Amanda::DB::Catalog - access to the Amanda catalog: where is that dump?


SYNOPSIS

  use Amanda::DB::Catalog;
  # get all dump timestamps on record
  my @timestamps = Amanda::DB::Catalog::get_timestamps();
  # loop over those timestamps, printing dump info for each one
  for my $timestamp (@timestamps) {
      my @dumpfiles = Amanda::DB::Catalog::get_parts(
          timestamp => $timestamp,
          ok => 1
      );
      print "$timstamp:\n";
      for my $dumpfile (@dumpfiles) {
          print " ", $dumpfile->{hostname}, ":", $dumpfile->{diskname}, 
                " level ", $dumpfile->{level}, "\n";
      }
  }


MODEL

The Amanda catalog is modeled as a set of dumps comprised of parts. A dump is a complete bytestream received from an application, and is uniquely identified by the combination of hostname, diskname, dump_timestamp, level, and write_timestamp. A dump may be partial, or even a complete failure.
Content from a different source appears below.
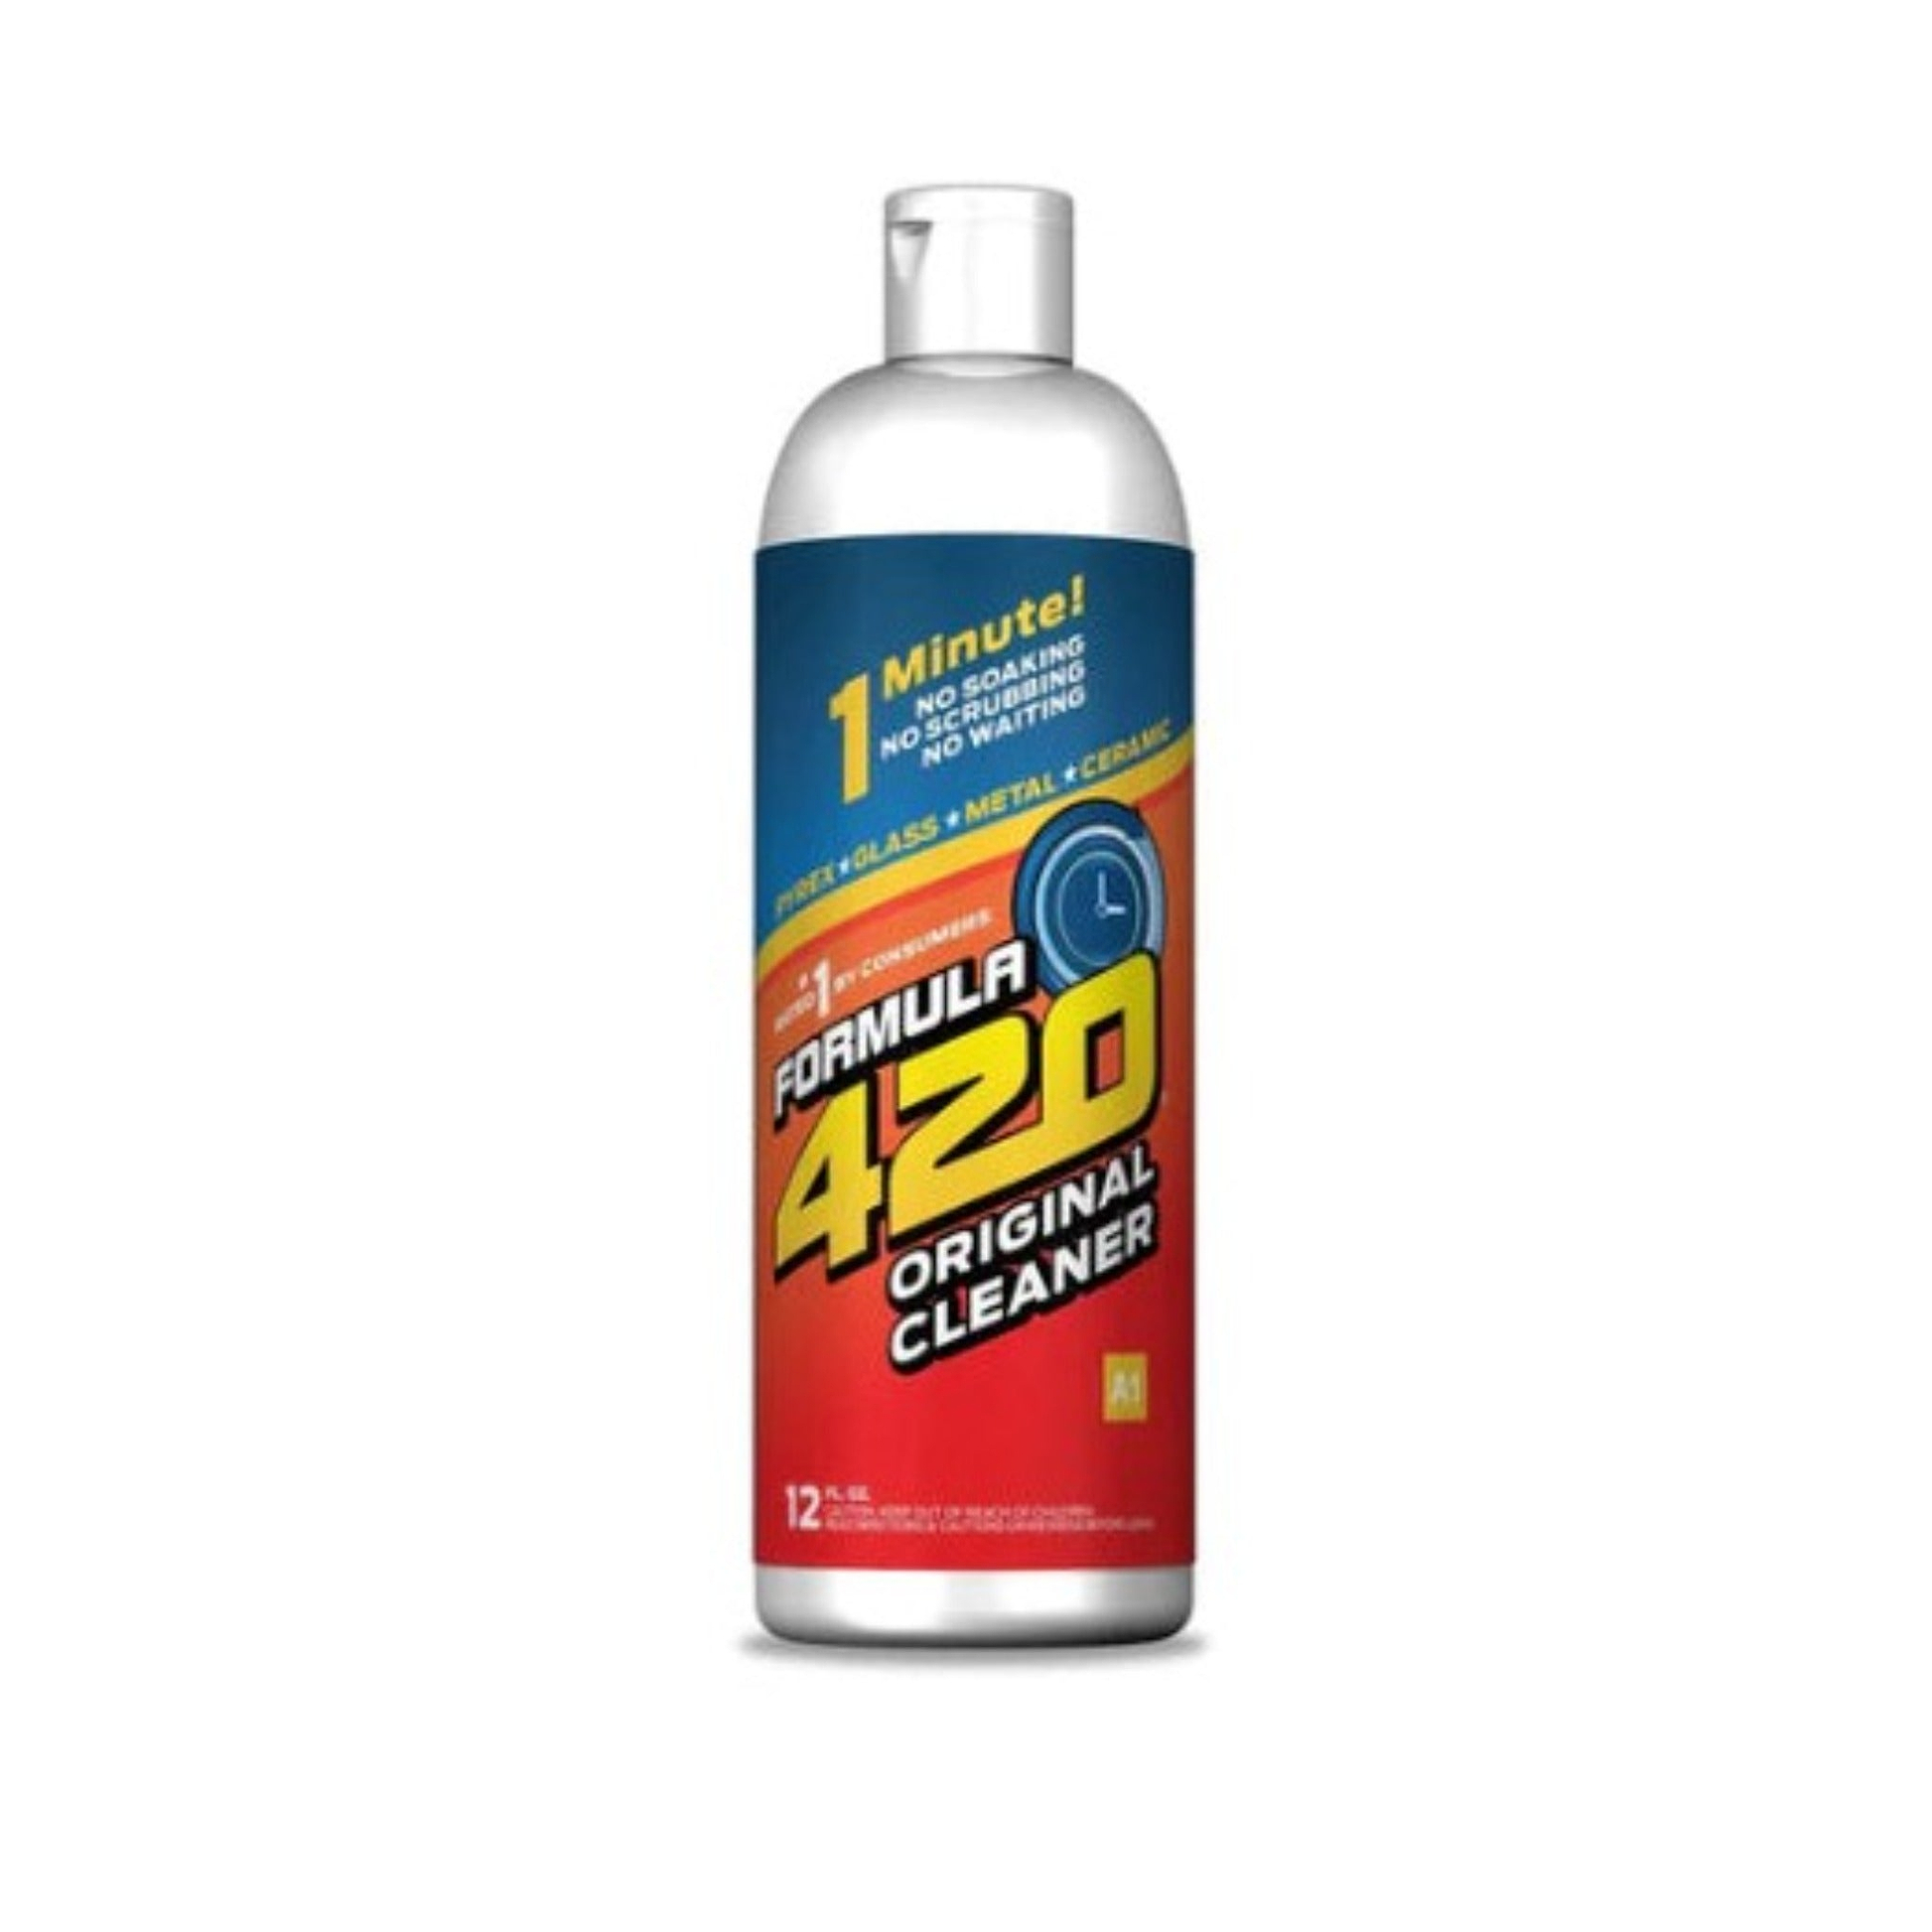 Formula 420 All Purpose Cleaner - Everything 420

A part corresponds to a single file on a volume, containing a portion of the data for a dump. A part, then, is completely specified by a volume label and a file number (filenum). Each part has, among other things, a part number (partnum) which gives its relative position within the dump. The bytestream for a dump is recovered by concatenating all of the successful (status = OK) parts matching the dump.

Files in the holding disk are considered part of the catalog, and are represented as single-part dumps (holding-disk chunking is ignored, as it is distinct from split parts).

DUMPS

The dump table contains one row per dump. It has the following columns:

dump_timestamp

(string) -- timestamp of the run in which the dump was created

write_timestamp

(string) -- timestamp of the run in which the part was written to this volume, or "00000000000000" for dumps in the holding disk.

hostname

(string) -- dump hostname

diskname

(string) -- dump diskname

level

(integer) -- dump level

status

(string) -- "OK", "PARTIAL", or "FAIL"

message

(string) -- reason for PARTIAL or FAIL status

nparts

(integer) -- number of successful parts in this dump

kb

(integer) -- size (in kb) of this part

orig_kb

(integer) -- size (in kb) of the complete dump (uncompress and uncrypted).

sec

(integer) -- time (in seconds) spent writing this part

parts

(arrayref) -- array of parts, indexed by partnum (so $parts->[0] is always undef). When multiple partial parts are available, the choice of the partial that is included in this array is undefined.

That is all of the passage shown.